Using List Comprehensions Effectively

Tutorial 3 of 5

Using List Comprehensions Effectively

1. Introduction

This tutorial aims to provide a comprehensive understanding of list comprehensions in Python and to demonstrate how to use them effectively. By the end of this tutorial, you will be able to understand the syntax and functionality of list comprehensions and use them to create efficient and readable Python code.

Prerequisites: Basic knowledge of Python programming (variables, data types, loops, and functions).

2. Step-by-Step Guide

Python list comprehension is a syntactic construct that enables the creation of lists in a more human-readable and efficient way.
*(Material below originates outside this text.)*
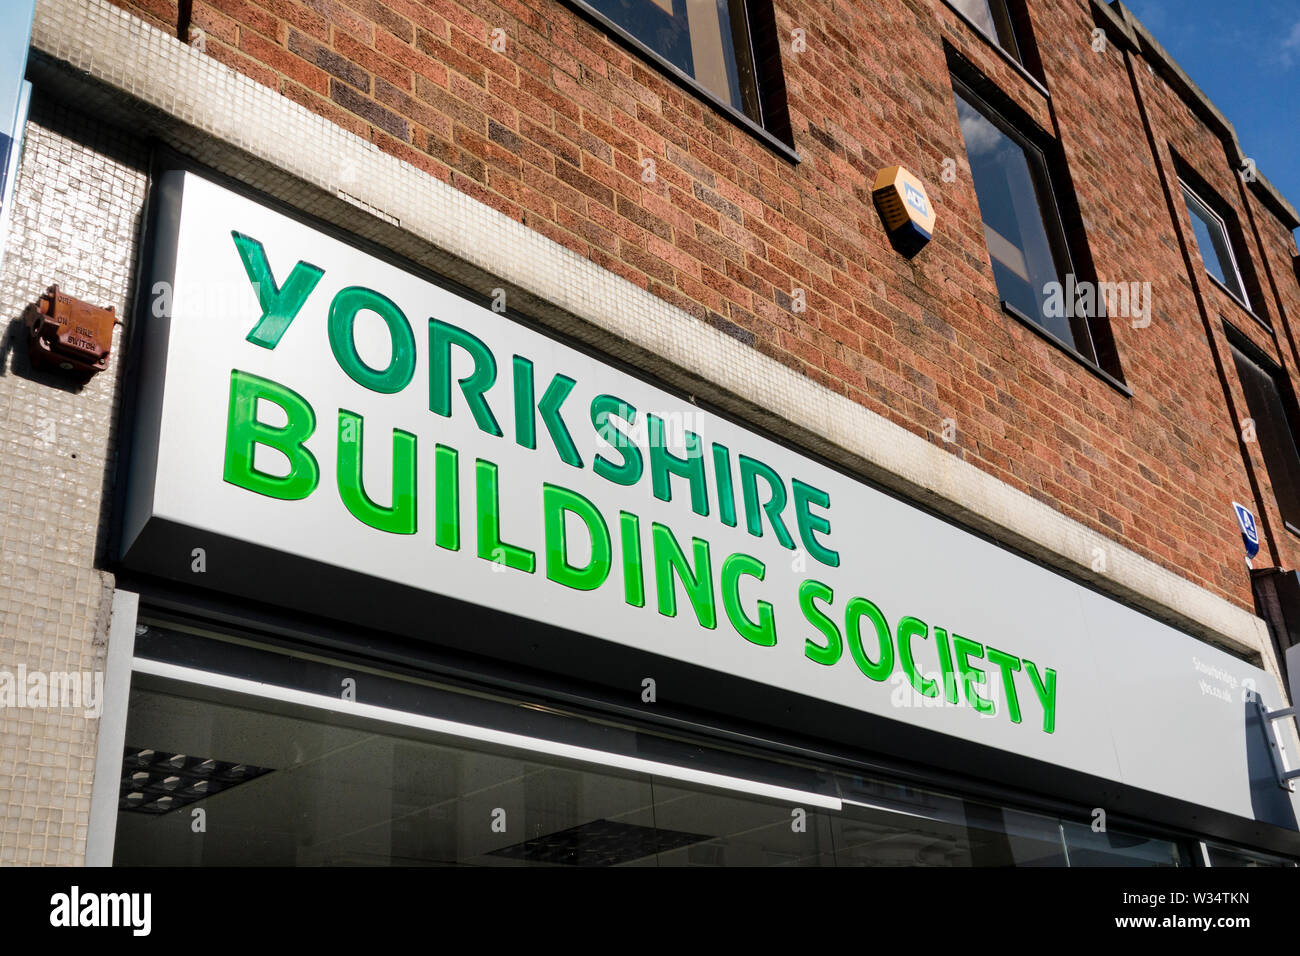 Yorkshire Building Society, Stourbridge, West Midlands, UK Stock Photo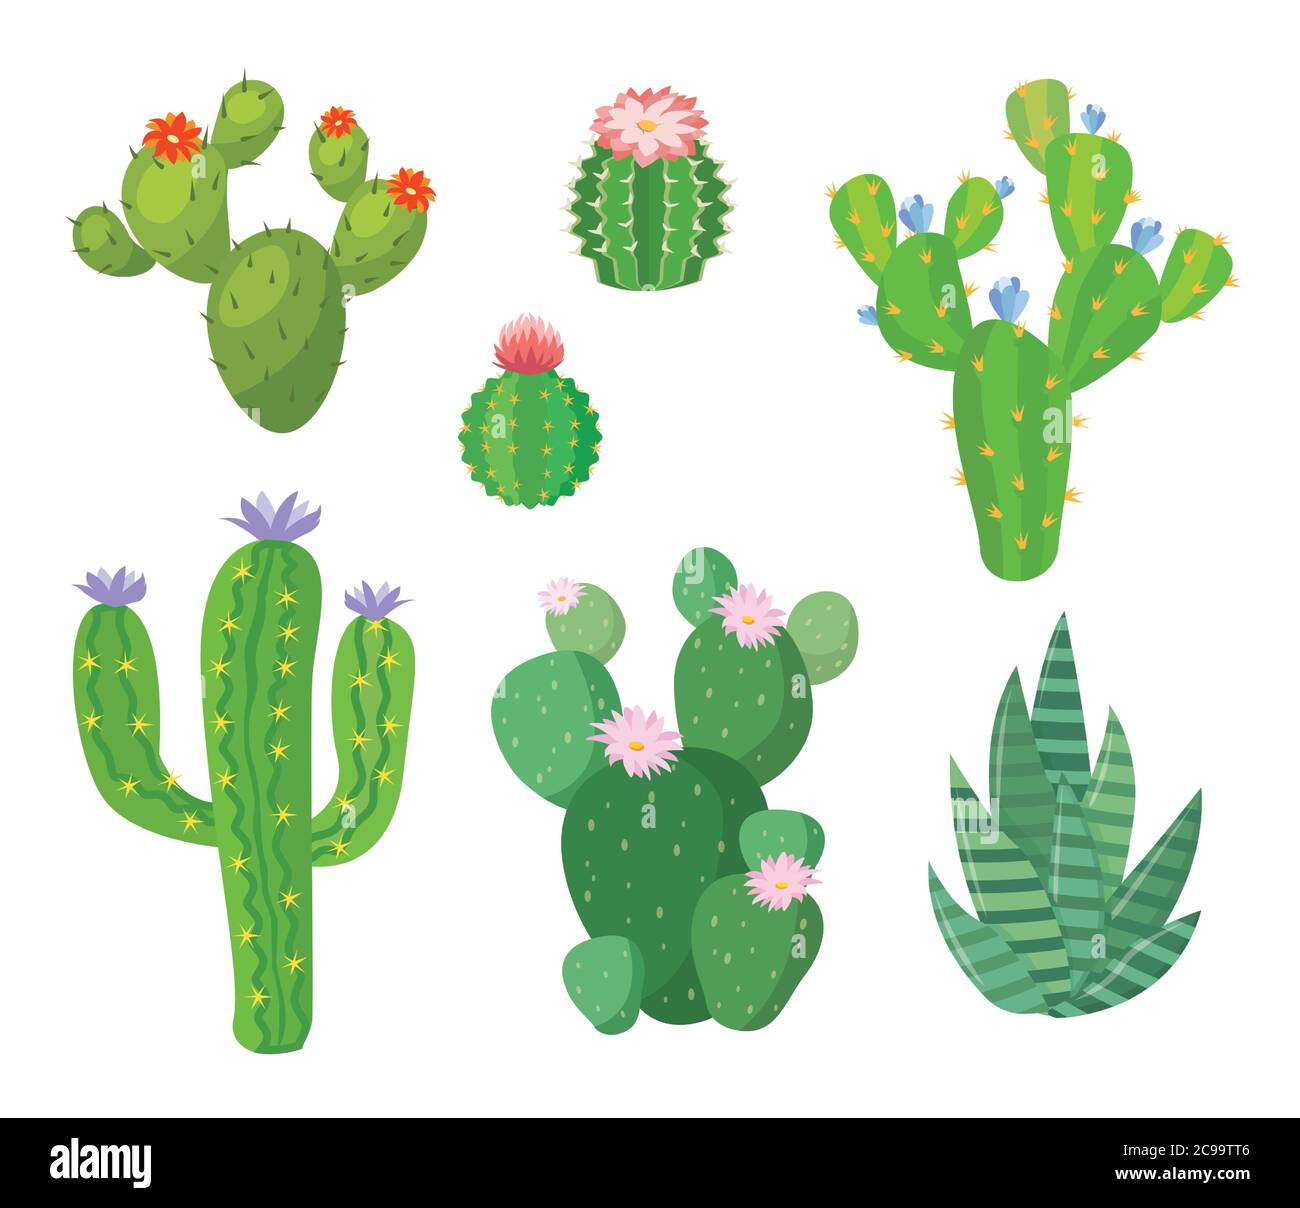 Cartoon Kaktus Set. Vektor-Set von hellen Kakteen und Aloe. Farbige, helle Kaktusblüten isoliert auf weißem Hintergrund. Stock Vektor

It can be used to replace traditional for loops and lambda function with map(), filter() and reduce().

Syntax of List Comprehension:

[expression for item in list if condition]

2.1 Without List Comprehensions

Without list comprehension, generating a list of squares for the first 10 natural numbers would look like this:

squares = []
for i in range(1, 11):
    squares.append(i**2)
print(squares)

2.2 With List Comprehensions

Here is how you can do the same thing with list comprehension, in a more Pythonic and efficient way:

squares = [i**2 for i in range(1, 11)]
print(squares)

2.3 Conditionals in List Comprehensions

You can also use conditionals in list comprehension to filter out certain values:

even_squares = [i**2 for i in range(1, 11) if i % 2 == 0]
print(even_squares)

3. Code Examples

Let's look at some more practical examples.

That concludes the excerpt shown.